Because the residuals show a clear downward trend with distance, the linear model misses structure in the data, indicating that a curved relationship may fit better. To test whether the curved pattern in the residuals reflected a meaningful departure from linearity, I fit a simple quadratic regression model. 

In [1]:
import pandas as pd
import numpy as np
import matplotlib.pyplot as plt
import seaborn as sns
import statsmodels.api as sm
from sklearn.decomposition import PCA
from sklearn.impute import SimpleImputer
from sklearn.preprocessing import StandardScaler
from sklearn.model_selection import train_test_split
from sklearn.preprocessing import PolynomialFeatures
from sklearn.metrics import mean_absolute_error, mean_squared_error, r2_score, calinski_harabasz_score
from sklearn.linear_model import RidgeCV, LassoCV, LinearRegression
from sklearn.ensemble import RandomForestRegressor
from sklearn.cluster import KMeans, DBSCAN
from scipy.cluster.hierarchy import linkage, dendrogram
from sklearn.mixture import GaussianMixture

plt.style.use("seaborn-v0_8")

In [19]:
df2 = pd.read_csv("/workspaces/final-project-karina-munoz/data/processed/clean_sn_data.csv")
x = df2[['d_L_Mpc']].values
y = df2['velocity_kms'].values

lin_model = LinearRegression()
lin_model.fit(x, y)

y_pred = lin_model.predict(x)

rmse_lin = np.sqrt(mean_squared_error(y, y_pred))
mae_lin = mean_absolute_error(y, y_pred)
r2_lin = lin_model.score(x, y)

rmse_lin, mae_lin, r2_lin

#linear fit plot
plt.figure(figsize=(4,4))
plt.scatter(x, y, alpha=0.4)
plt.plot(x, y_pred, color='red')
plt.xlabel("Distance (Mpc)")
plt.ylabel("Velocity (km/s)")
plt.title("Linear Fit: Hubble’s Law")
plt.savefig("Linearfit1.jpg")
plt.close()

#residual plot
residuals = y - y_pred
plt.figure(figsize=(4,4))
plt.scatter(x, residuals, alpha=0.4)
plt.axhline(0, color='black')
plt.xlabel("Distance (Mpc)")
plt.ylabel("Residual")
plt.title("Residuals vs Distance")
plt.savefig("Residualfit1.jpg")
plt.close()


![](Linearfit1.jpg)  ![](Residualfit1.jpg)

**Linear Fit Plot 1**:  
**Residual linear plot 1**:  

The polynomial model performed substantially worse than the linear model, with an RMSE of approximately 7604 km/s, compared to 711 km/s for the linear model.
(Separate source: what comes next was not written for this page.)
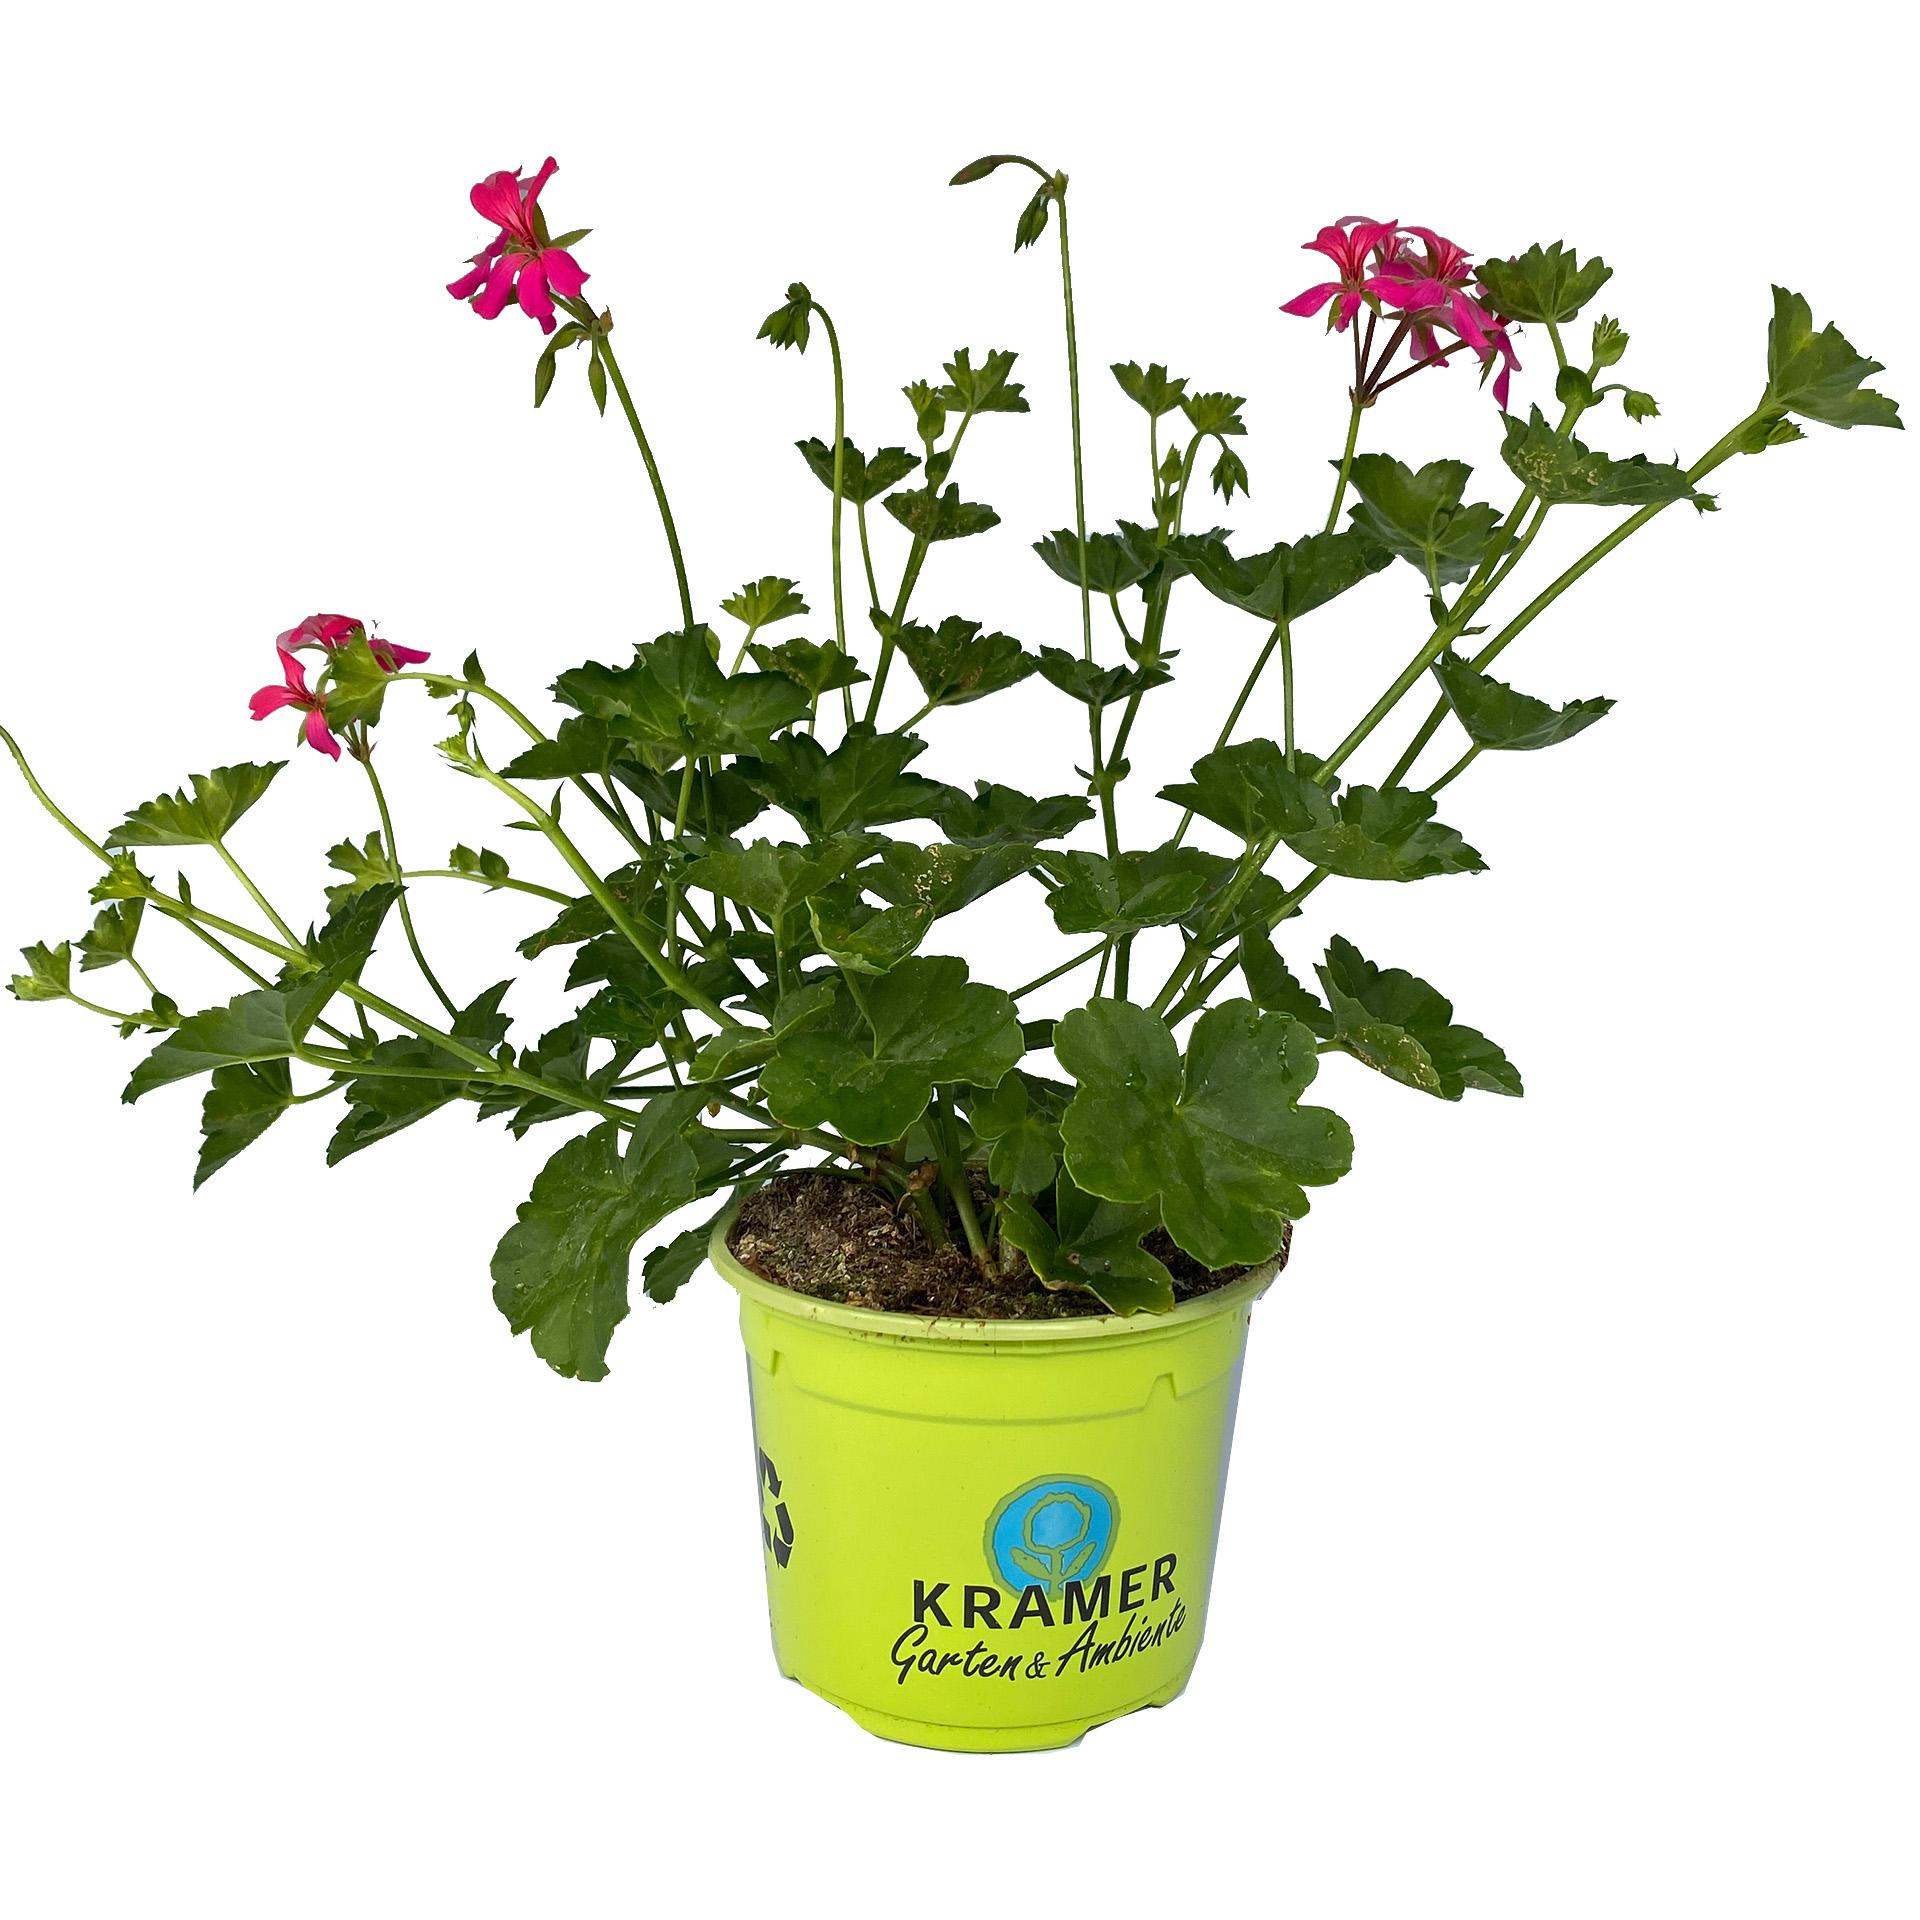 Geranie hängend - Pelargonium peltatum 'Balcon Noa' pink, 12cm Topf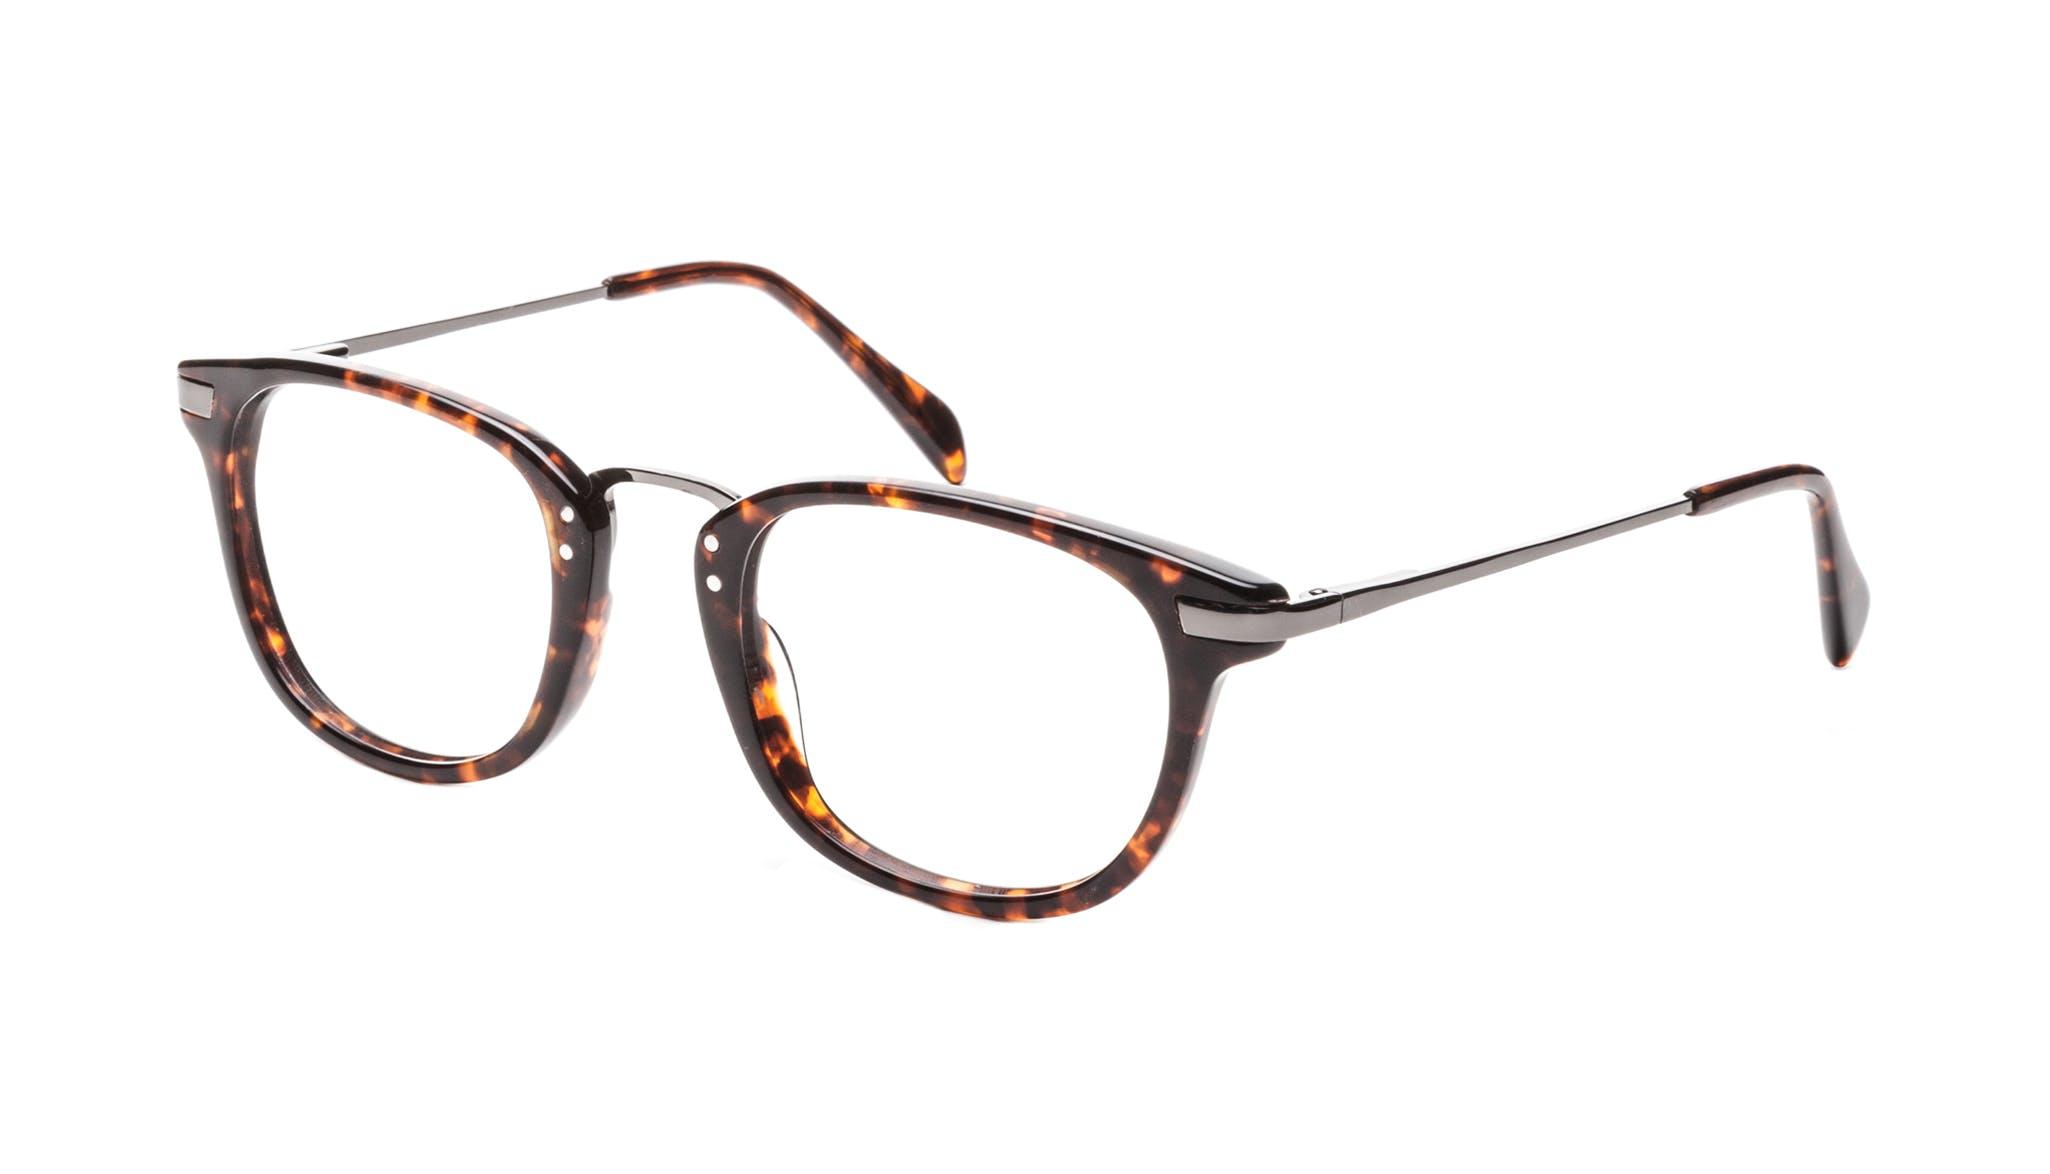 Affordable Fashion Glasses Rectangle Square Eyeglasses Men Daze Sepia Tilt

This indicates that adding curvature does not improve predictive accuracy and actually overfits the data. Despite the visible residual trend at large distances, a linear Hubble’s Law model remains the best fit for this dataset within the range provided.

In [20]:
poly = PolynomialFeatures(degree=2, include_bias=False)
x_poly = poly.fit_transform(x)

poly_model = LinearRegression()
poly_model.fit(x_poly, y)

y_poly_pred = poly_model.predict(x_poly)

rmse_poly = np.sqrt(mean_squared_error(y, y_poly_pred))
rmse_poly

np.float64(7604.113441774354)

I began by fitting a standard linear regression to estimate the Hubble constant. The model achieved an RMSE of approximately 711 km/s, with residuals that increased slightly in magnitude at larger distances. To test whether this residual pattern reflected meaningful curvature in the data, I fit a simple quadratic regression model. However, the polynomial model performed substantially worse, with an RMSE of 7604 km/s, indicating that adding curvature overfits the data and reduces predictive accuracy. Therefore, even though the residuals show mild local deviations at the highest distances, the linear Hubble model remains the most appropriate global model for this dataset.